So it's instructive that when both reported on Nokia's N-Gage shutdown in recent days, neither seemed to realise that N-Gage had been relaunched since the days when it was a pasty-shaped gaming handset.

"We're still going to miss making fun of Nokia's Taco Phone," said Mashable's post, blithely ignoring the fact that most people stopped making fun of the Taco phone when it was decommissioned in 2005.

"The phone didn't work, the games didn't sell, the competitors had better ideas.
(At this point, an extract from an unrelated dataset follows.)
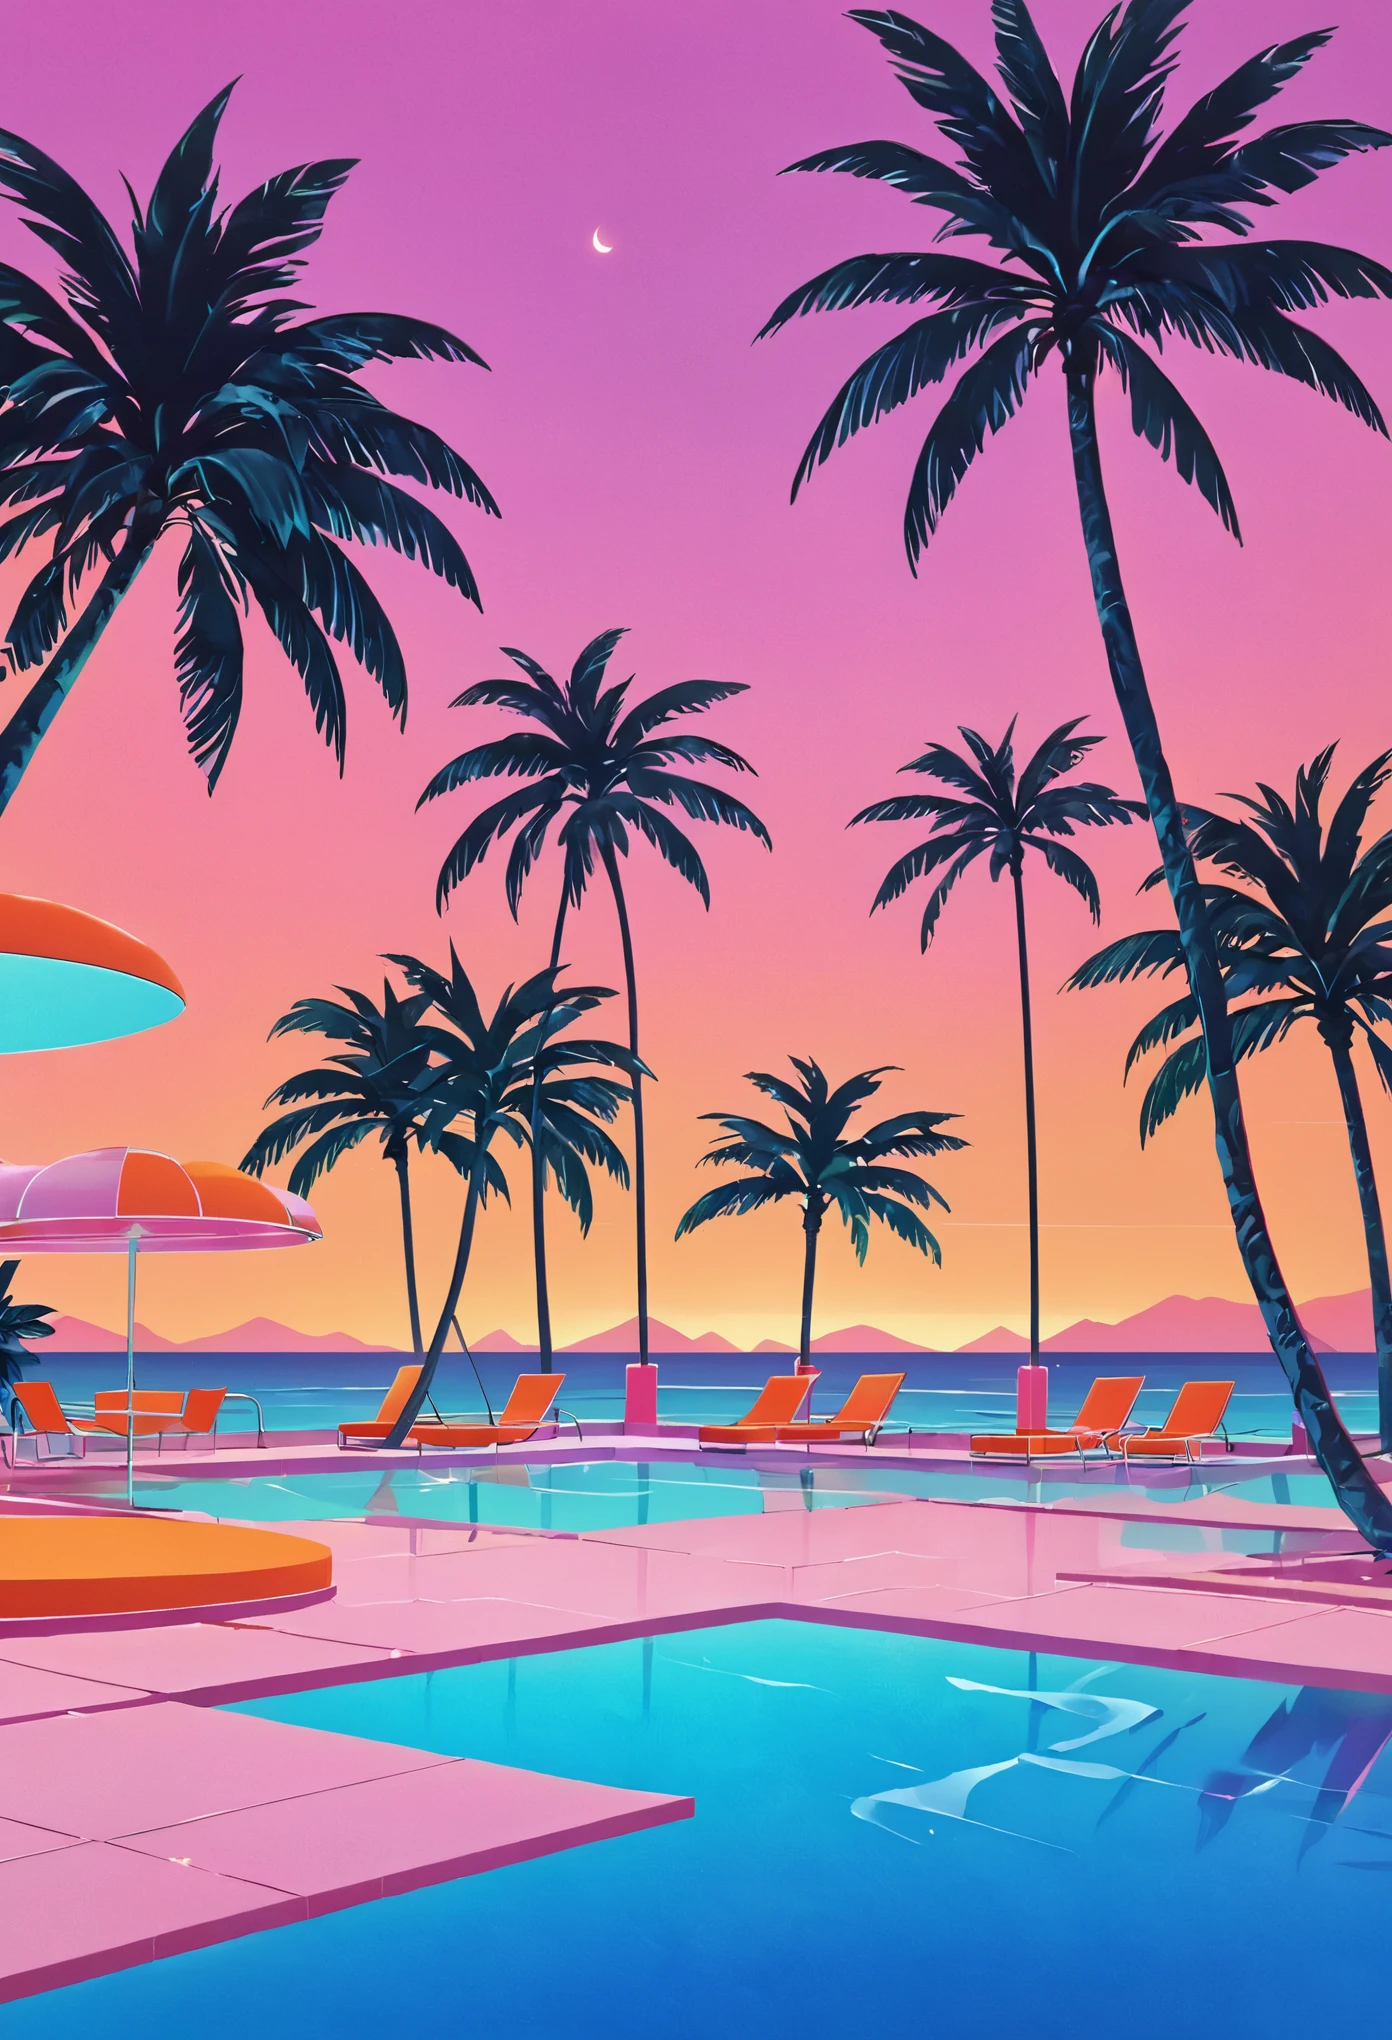 Envision an artwork deeply immersed in the vaporwave aesthetic of the 80s, inspired by Yoko Honda’s vibrant style. Picture a retro-futuristic pool and beach scene at sunset, where the sky blazes with the warm hues of an 80s summer sunset—intense oranges, pinks, and reds reflecting off the tranquil sea and pool waters. Around the pool, neon-lit palm trees and coconut trees sway gently, enhancing the tropical and surreal atmosphere. Neon lights in geometric patterns illuminate the scene, casting a dreamlike glow over everything. The background features a chic beachside bar with interiors visible through large glass windows, showcasing a room with pastel-colored walls and floors covered in luxurious terrazzo and marble textures. The overall ambiance combines nostalgic luxury with vibrant, warm color palettes, creating a scene that is both timeless and distinctly evocative of the 80s.

Then that Apple phone was launched and Nokia's N-Gage project was deader than a zombie in the vacuum of space," says TechCrunch's effort.

Which is accurate in parts, but the story's use of an image of the original N-Gage shows that here, too, N-Gage's relaunch as a service just before "that Apple phone" took the games world by storm appears to have passed the writer by.

The fact that two of the world's biggest tech blogs have half-arsed obituaries is just one sign that outside the mobile gaming world N-Gage's demise isn't really registering as a big deal. Even so, it deserves a better send-off.

What went right

Nokia did some great things with N-Gage Mk. II. For example, it made every game available for free download, allowing players to try titles before paying to unlock the full thing - a model that's about to become a lot more common on iPhone following Apple's changes to its in-app payment rules.

Nokia's N-Gage team recognised that mobile games needed a leap in innovation and imagination, and funded some of the most talented independent developers to create new games for the platform. Reset Generation stands out, but Creatures of the Deep, Dance Fabulous, the two Dirk Dagger games and ONE all stand out.

N-Gage also made a decent fist at bringing Xbox Live-style community and achievements to mobile gaming, through its N-Gage Arena - itself one of the few bright spots of N-Gage Mk. I.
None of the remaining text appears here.